Governmental Sharing

Following George Washington's example, some outgoing members of the Bush administration pass along four years of know-how

January 22, 1993

THE transference of executive power from one administration to the next, while elegant in concept, is often not so pretty in practice. For a member of an outgoing administration, the time between the first Tuesday in November and the inaugural in January is too often spent in confusion, in anger, on a well-deserved vacation, or in search of employment.

Often, very little thought is given to the transfer of what the outgoing officeholders learned while they held the public trust. That's an unfortunate byproduct of the winner-take-all election cycle that political parties and the media have created every four years. George Washington warned of the excesses of political parties, claiming that they "distract public councils, enfeeble the public administration and agitate the community with ill-founded jealousies and false alarms."

This admonition was one of several items of advice included in the first president's farewell address on Sept. 17, 1796. In that message, Washington left his countrymen a written account of the sentiments, reflections, and observations of a chief executive who had "contributed toward the organization and administration of the government the best exertions of which a very fallible judgment was capable."

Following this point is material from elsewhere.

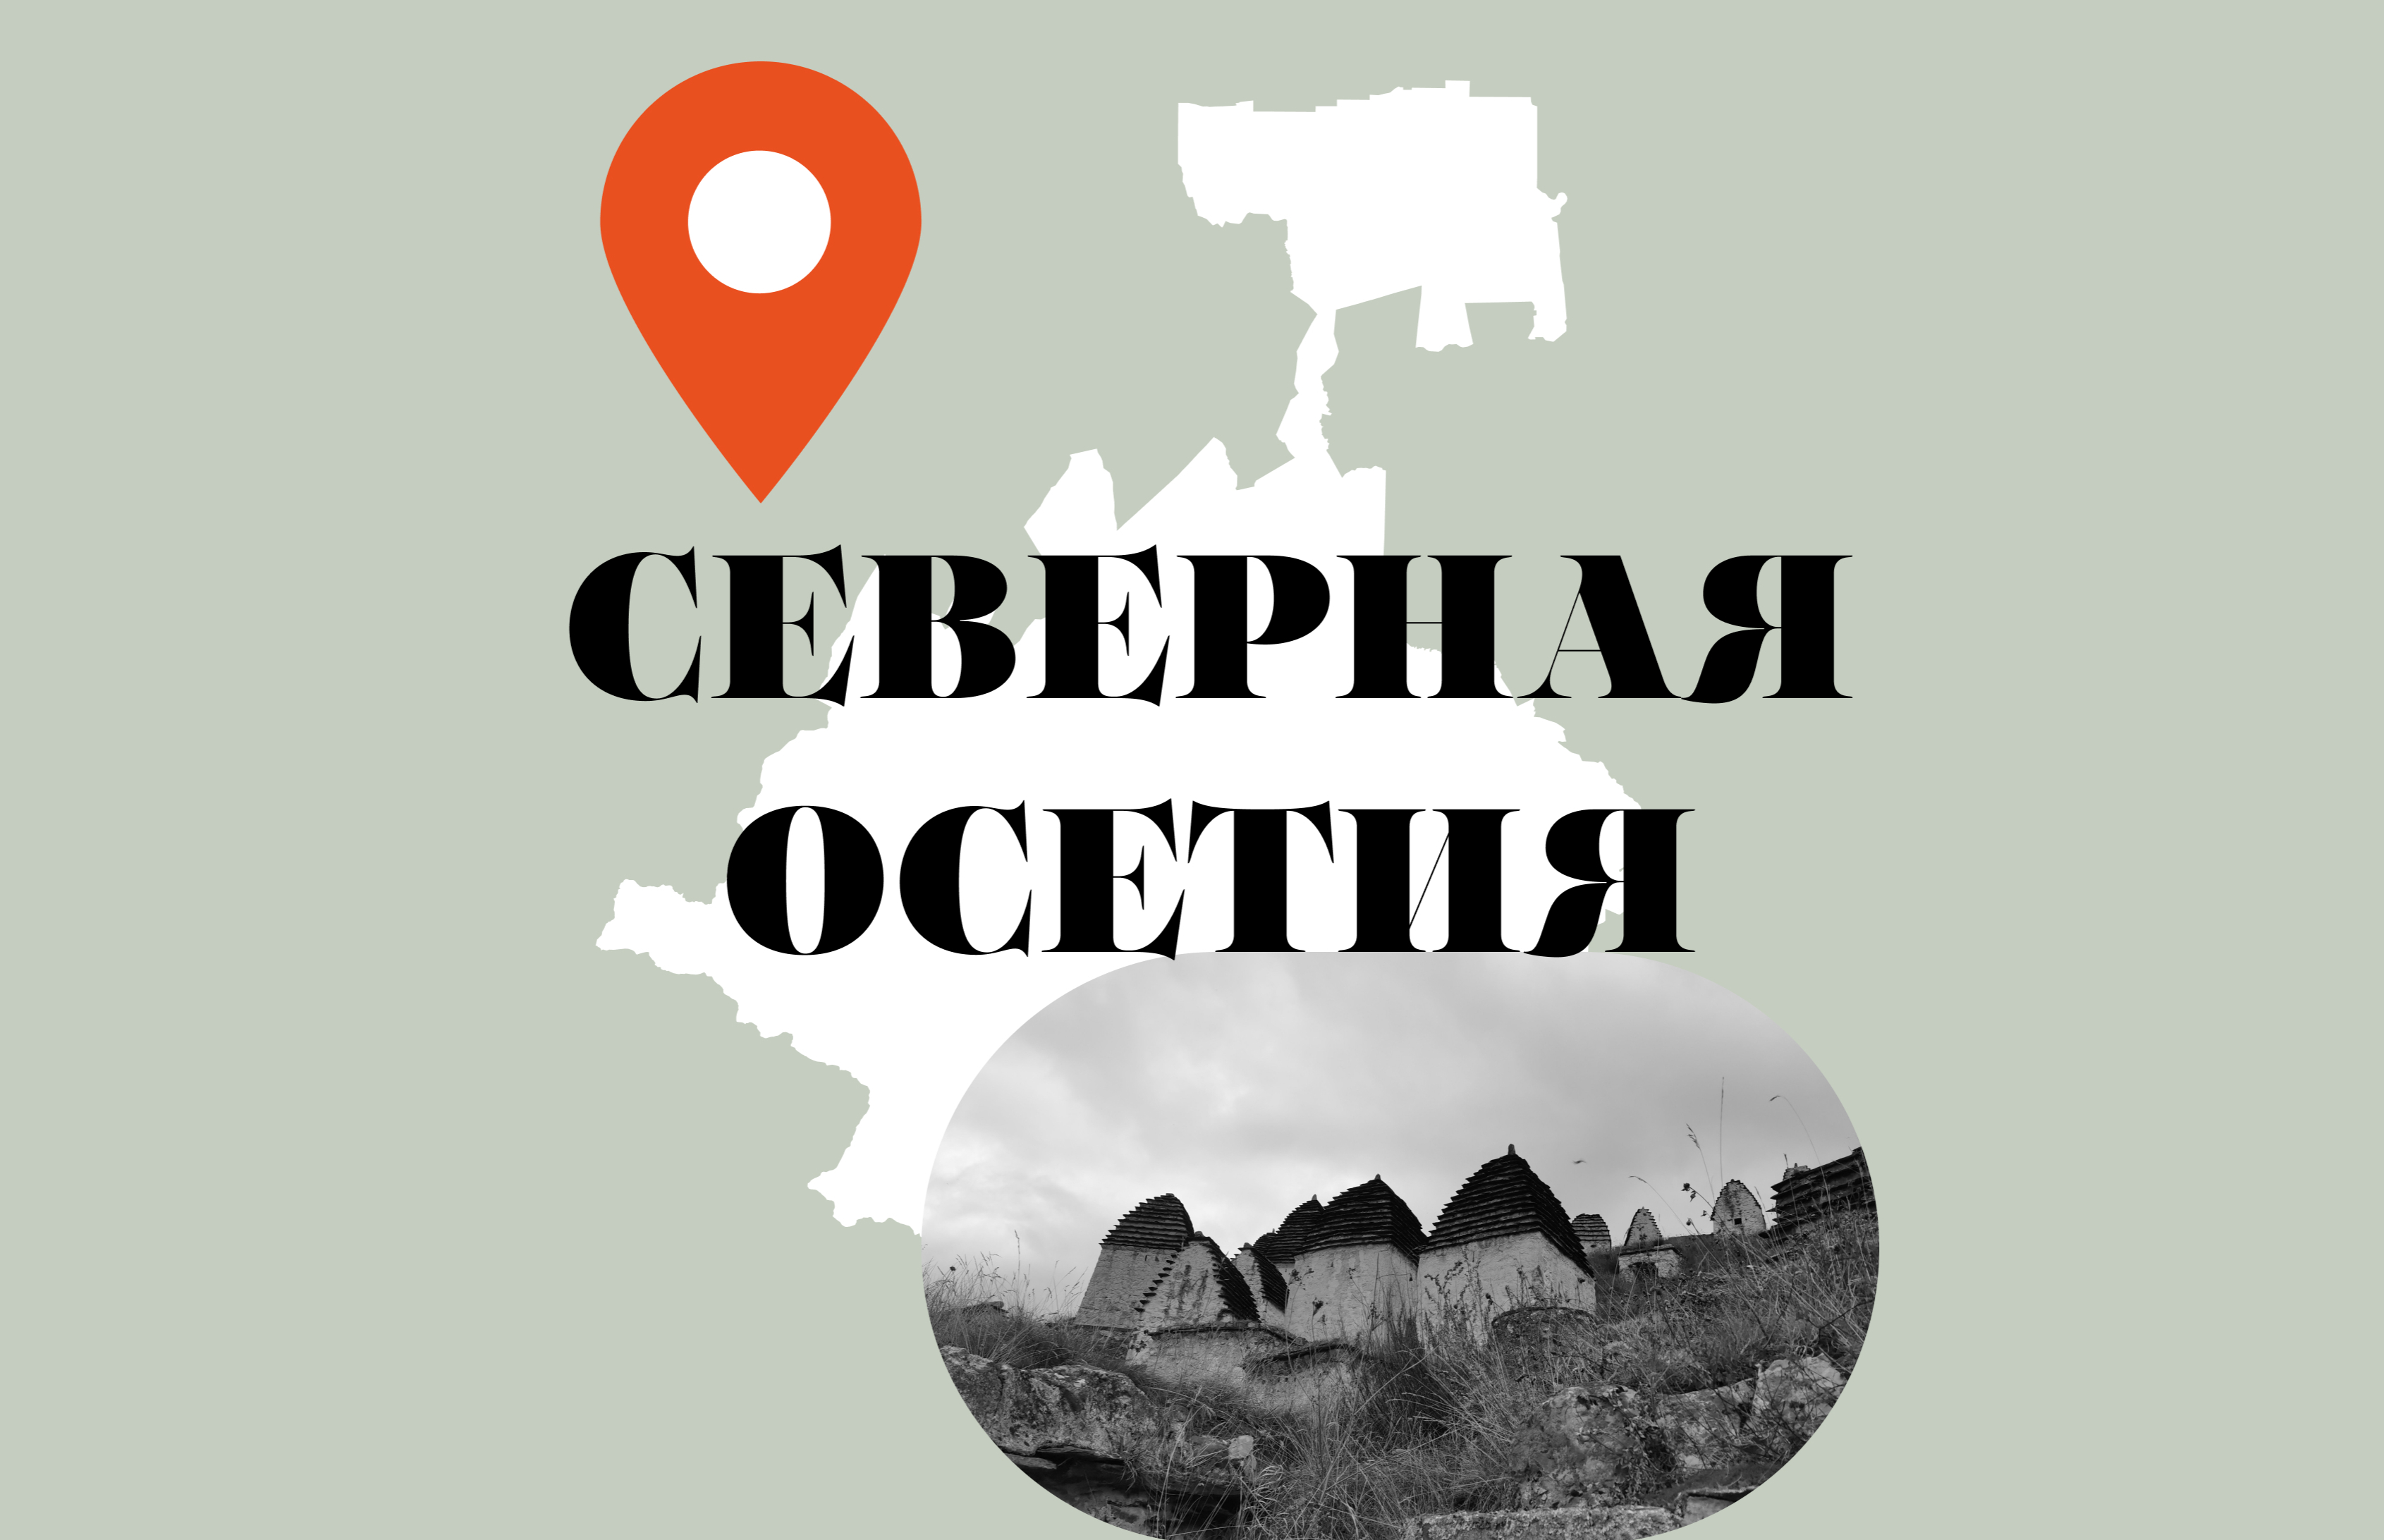 Небо, Терек, пироги: что посмотреть и попробовать в Северной Осетии

The address was Washington's "political testament," a valedictory to the people who had entrusted him with the nation's highest office.

It was also an account of what he learned while holding that office: of the sanctity of the union; of the efficacy of the Constitution; of the divisiveness and distractions of political parties; of the importance of separating federal departments and functions; of the need for a dispassionate foreign policy.

On Monday, Jan. 11 at the campus of American University, an unpretentious yet similar "debriefing" was given by US Secretary of Education Lamar Alexander and David Kearns, the deputy secretary, along with a few presidentially appointed members of their executive team.

The session was organized and taped for television by the Education Commission of the States (ECS), a bipartisan national organization dedicated to the furtherance of education reform in the communities and states that pay 93 percent of the country's annual education bill.

While markedly less solemn than George Washington's political testament, the American University session turned out to be a constructive venture.

Opening the meeting, Frank Newman, president of ECS, leapt quickly to the point: "What we want to find out from you who have been entrusted with federal office for the past few years are answers to the following questions: What were you doing? Why were you doing it? What did you learn?"

What ensued was lively, introspective, and historically useful. The videotape will be employed by ECS as a teaching tool for legislators, school superintendents, parents, teachers, governors, and others who may want to know what the Bush administration has been doing in education during its term in office and how that might compare with the proposals and record of the Clinton administration four years from now. Mr. Newman has already spoken with Education Secretary-designate Richard Riley about a similar

televised briefing and debriefing at the beginning and end of his term.

About the same time that the education department's "debriefing" was being prepared, Adm. James Watkins, at his office a few blocks away on Independence Avenue, was putting the finishing touches on a report of his own.

It took the form of a letter to the multitude of committees with jurisdiction over the Department of Energy's programs and appropriations. It included a thorough discussion by the outgoing secretary of the mission that he had undertaken, his successes and failures, what he had learned, and what still needed to be done.

The American University "debriefing" and the energy department's end-of-term summary may suggest a better way to conduct rites of political passage.

Why not ask Cabinet members and their senior officers to use the time between election and the end of December to prepare a written report or testament about what they set out to accomplish, what was actually done, and what was learned? That compilation of reports would be published and presented to the new Congress in early January.

In the days immediately prior to inauguration, committees with jurisdiction over the subject matter of a particular Cabinet department would make time available to hear Cabinet officers who wish to discuss or pass along any advice or recommendations they might have for the new government.

Such a process, I believe, would give dignity and purpose to the end of a term of office. It would enhance the historic record. It would clarify the sometimes mixed signals currently being sent to citizens who dare to answer a call to public service. It would provide meaning and mission for retiring officials during the time between election and inauguration.

And maybe, just maybe, it would add a scintilla of wisdom and perspective to the science and art of governance.